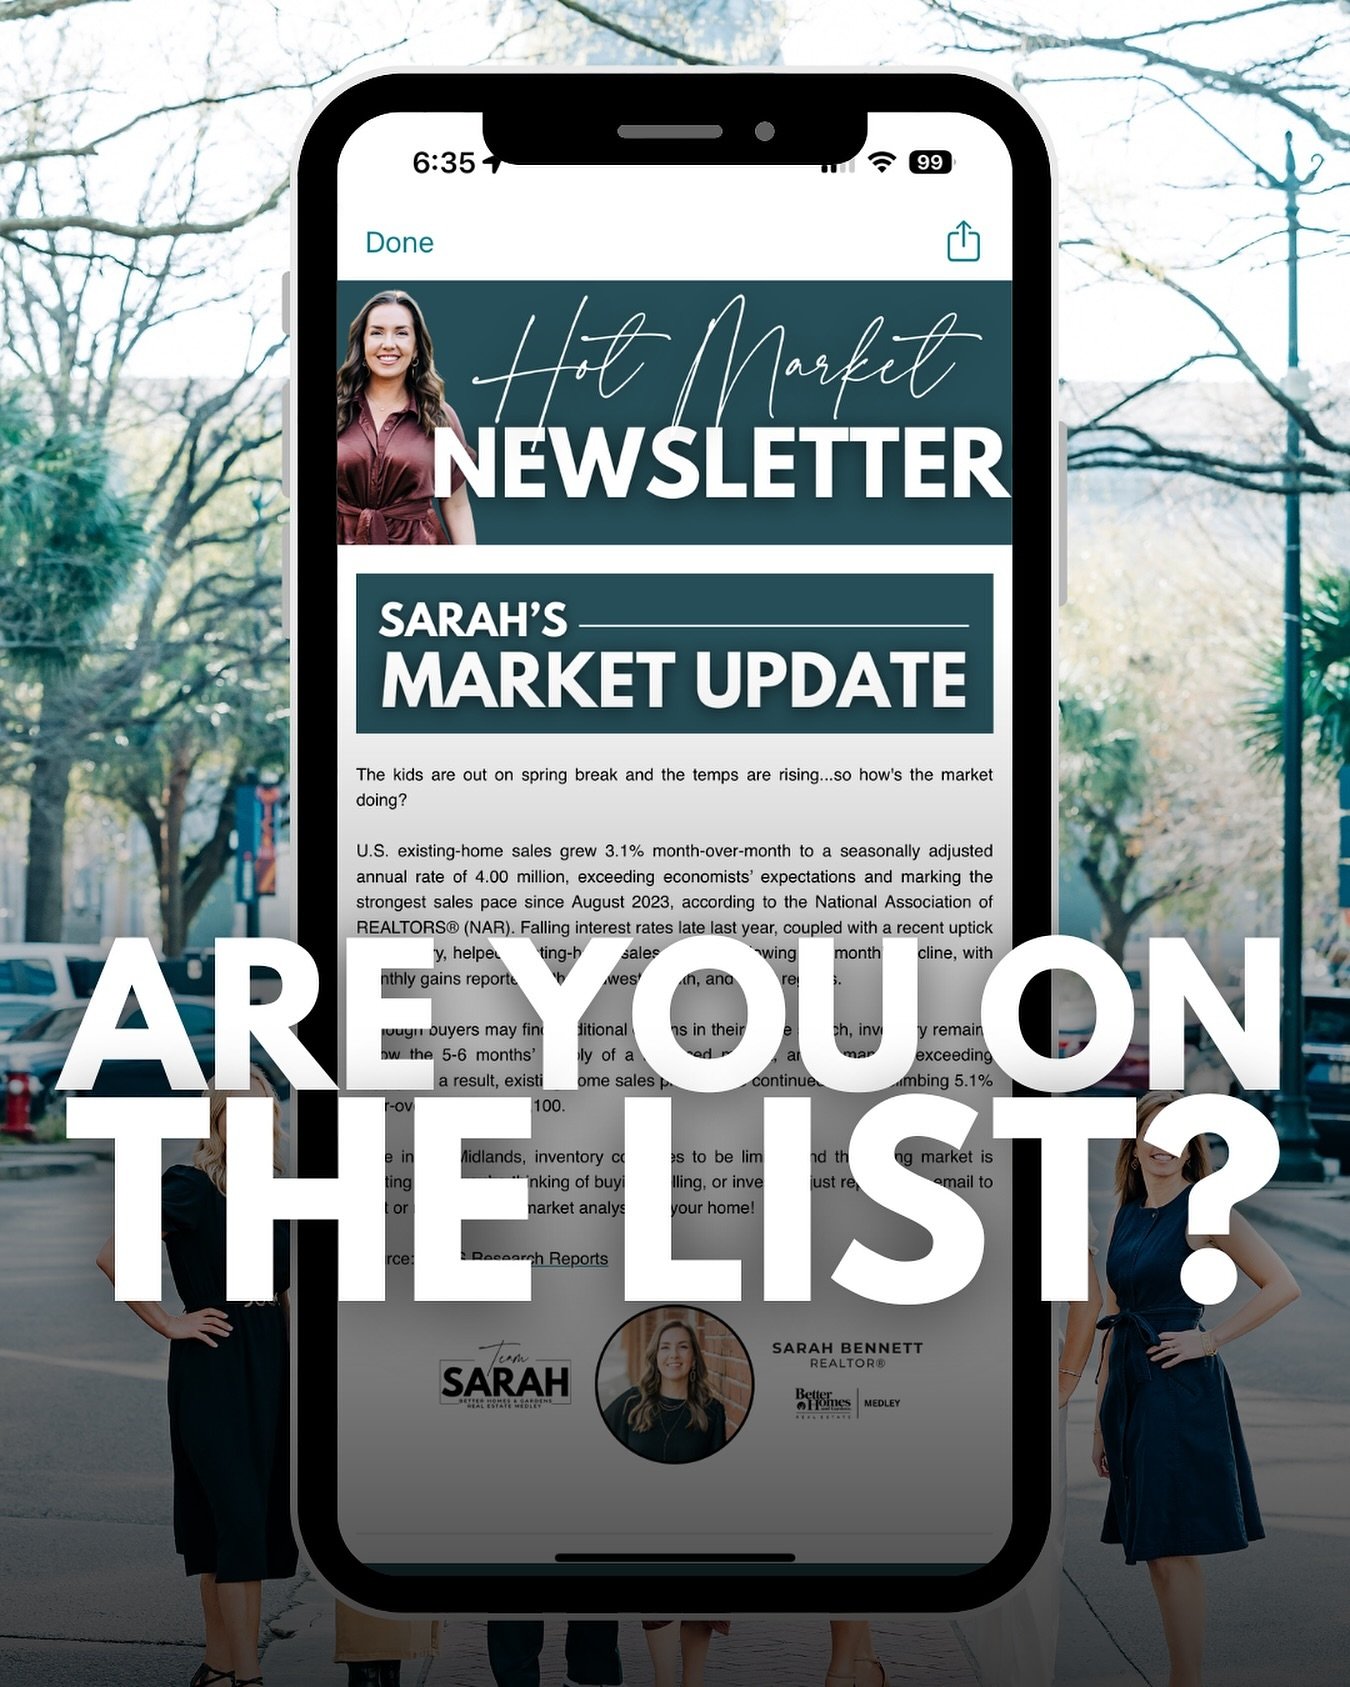 Are you on the list? 📋 Once per month, I send out my Hot Market Newsletter to everyone on my email list. This keeps my database up to date on👇🏻

📈 Market Trends
🗣️ Real Estate Tips
🍴New Spots Around Columbia
🏡 My Listings 
🤣 Fun Videos
✨ And 
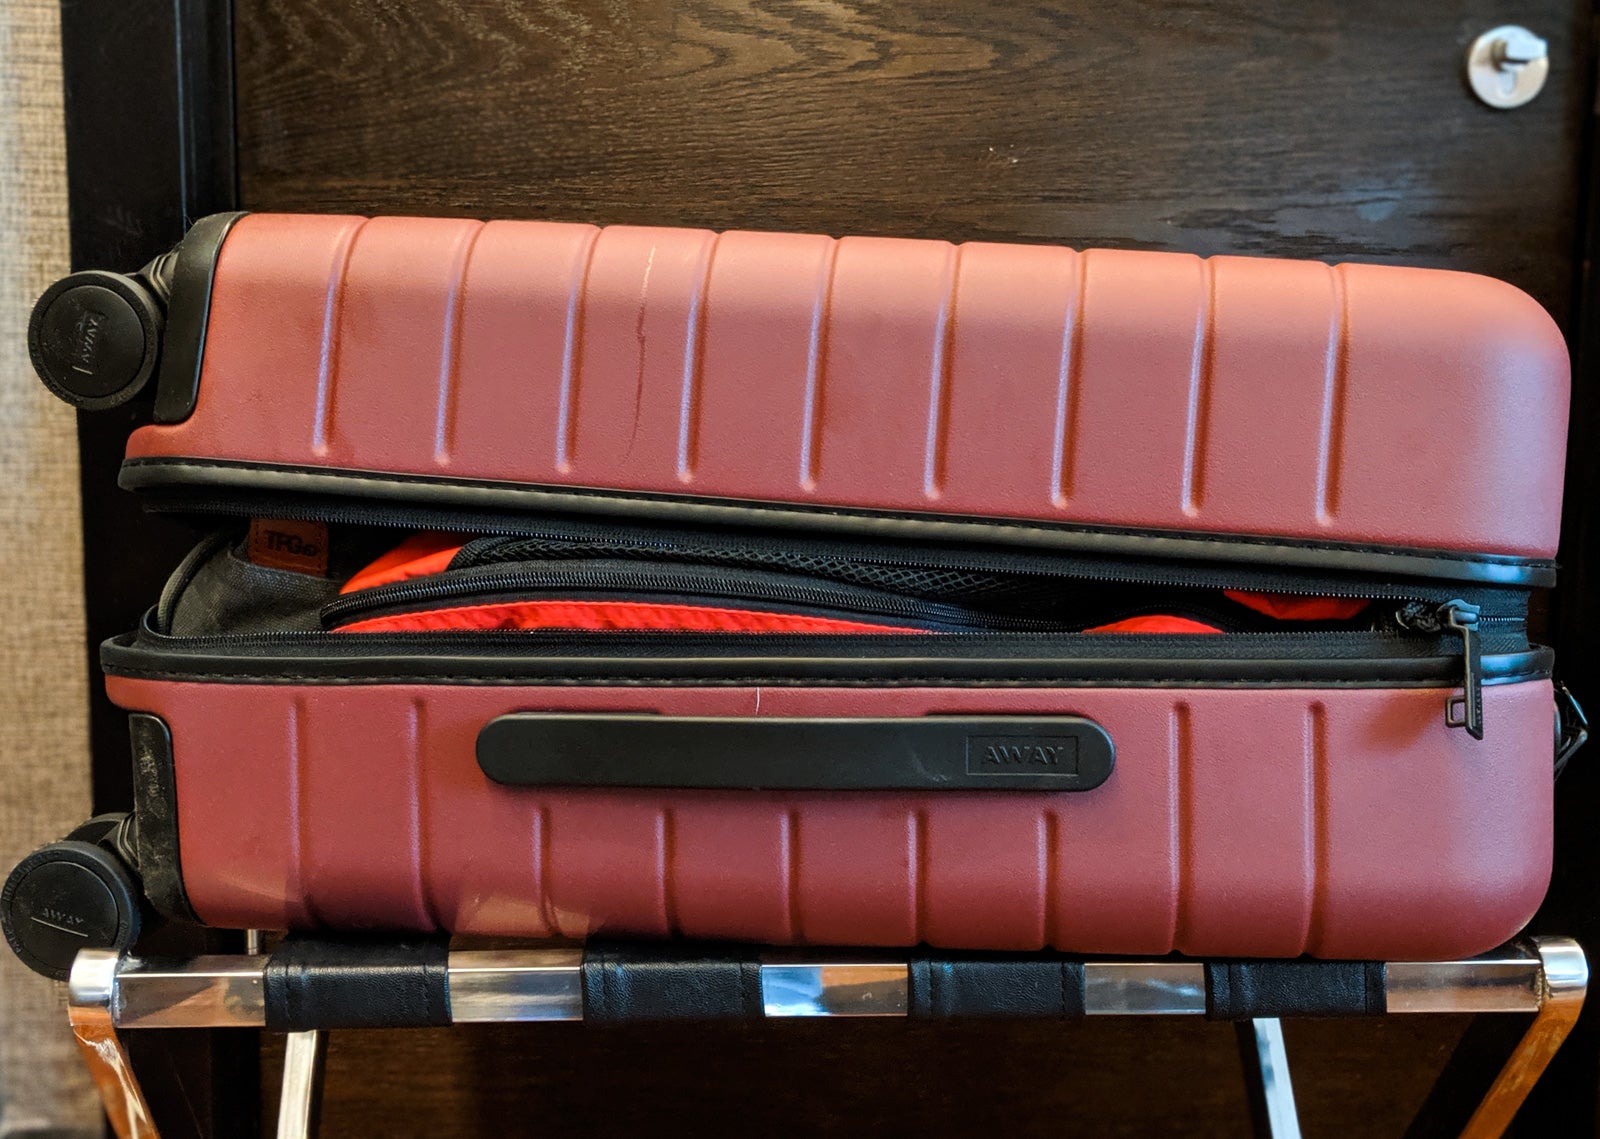 RIMOWA has the spirit of summer stowed away inside its luggage

---------------

Set down the whole listing word for word, omitting the pictures.

 Are you on the list? 📋 Once per month, I send out my Hot Market Newsletter to everyone on my email list. This keeps my database up to date on👇🏻

📈 Market Trends
🗣️ Real Estate Tips
🍴New Spots Around Columbia
🏡 My Listings 
🤣 Fun Videos
✨ And 
 RIMOWA has the spirit of summer stowed away inside its luggage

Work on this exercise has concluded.